### Data
------------------------------------------------------------

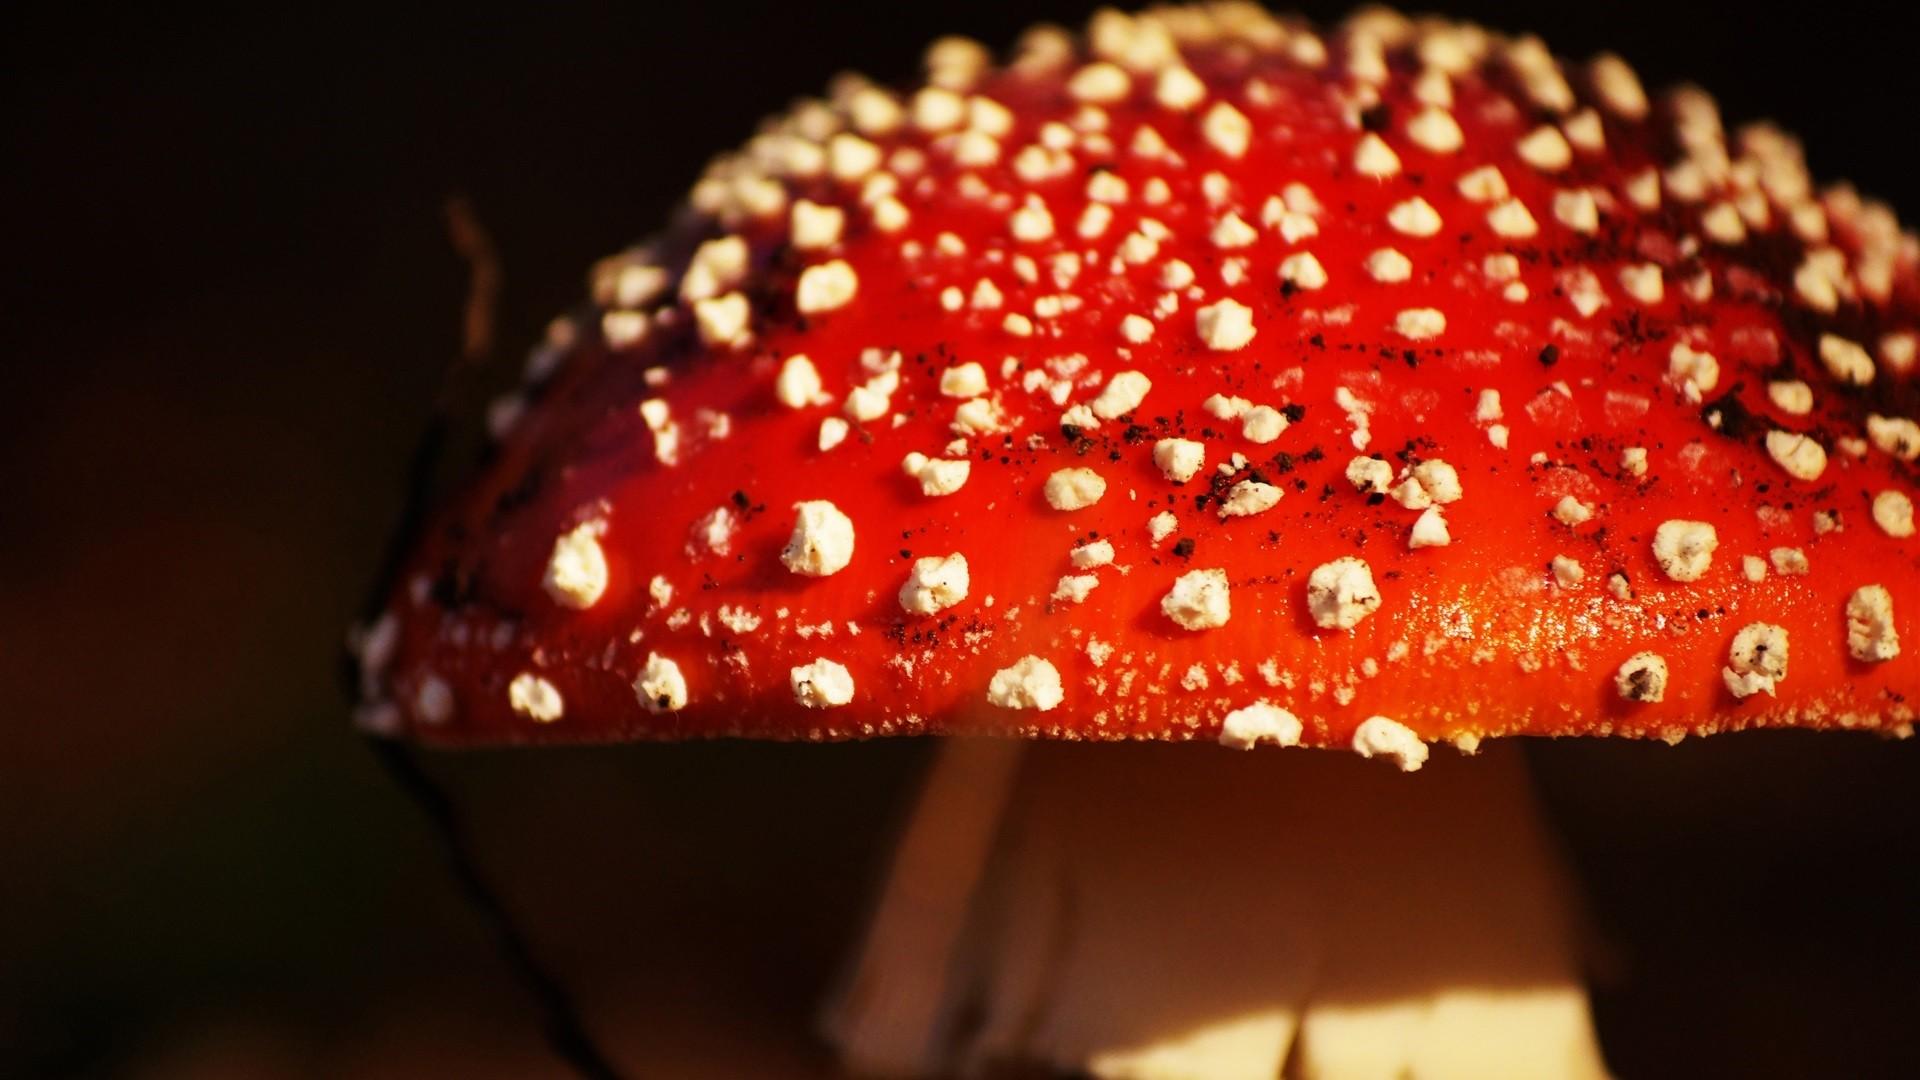 Mushroom Free Wallpaper
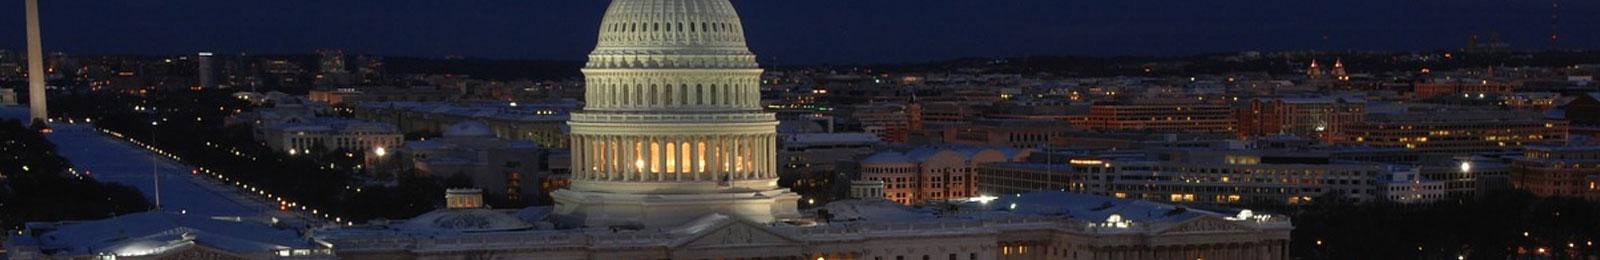 Wiadomości Waszyngton
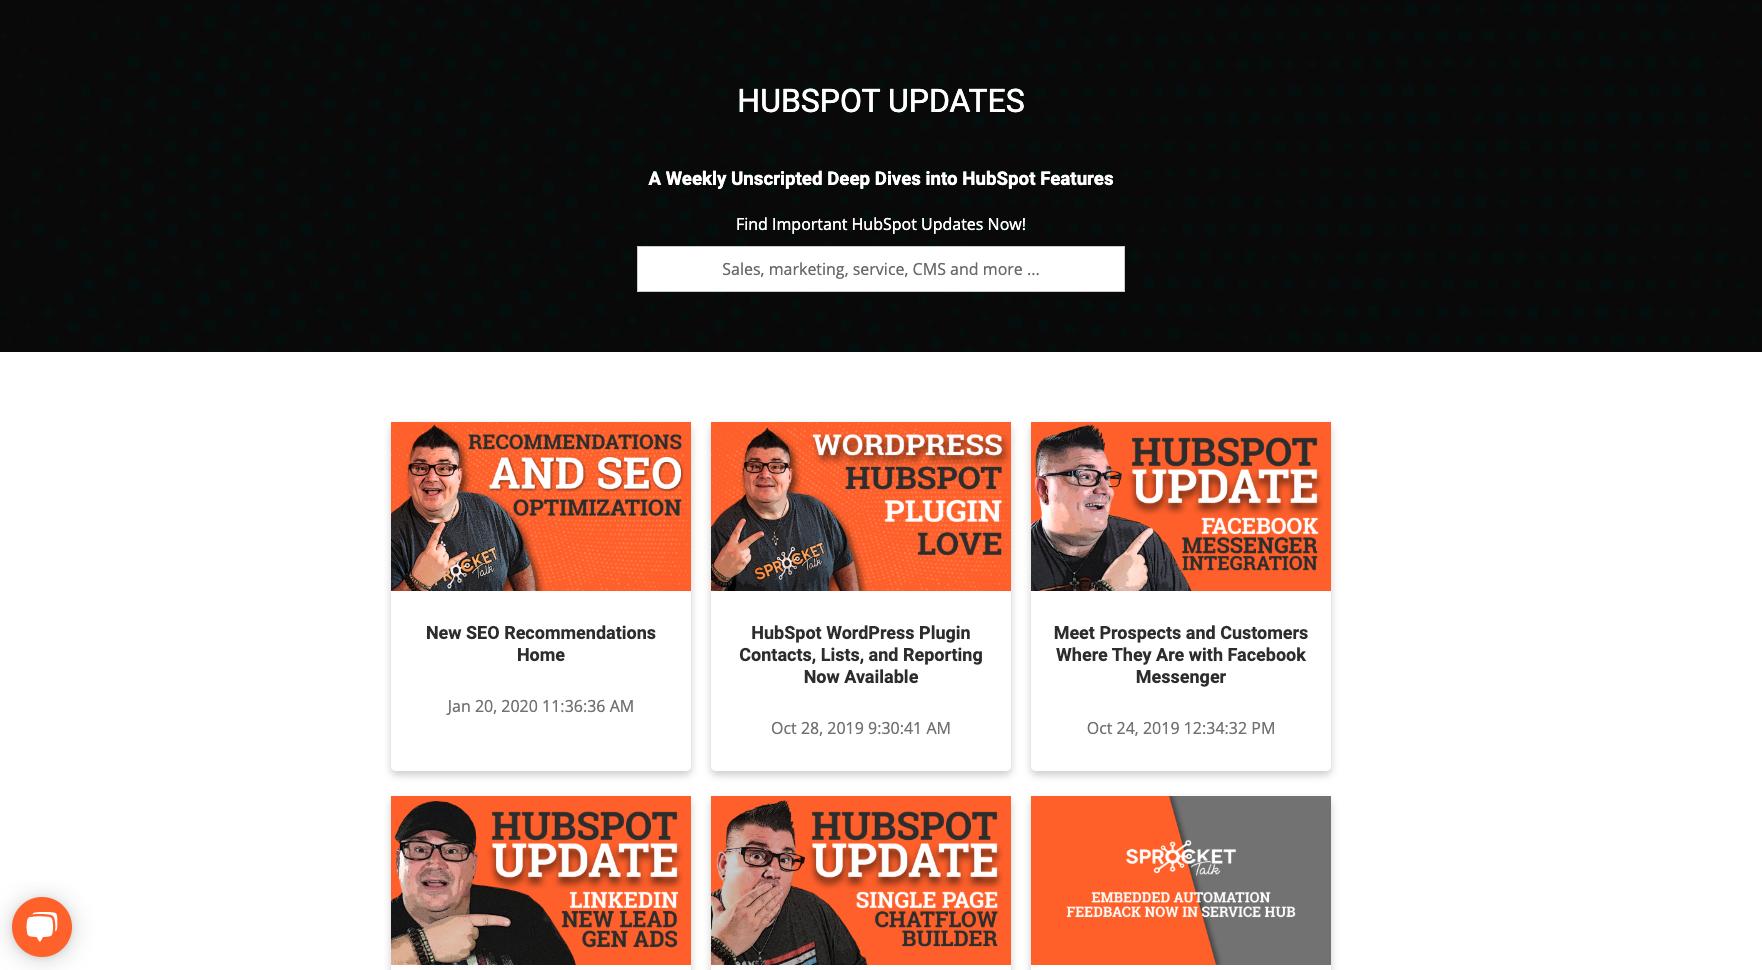 HubSpot Updates

------------------------------------------------------------

### What the task requires
Nothing but the pictures should be left out when the listing above is transcribed.

### Expected answer
 Mushroom Free Wallpaper
 Wiadomości Waszyngton
 HubSpot Updates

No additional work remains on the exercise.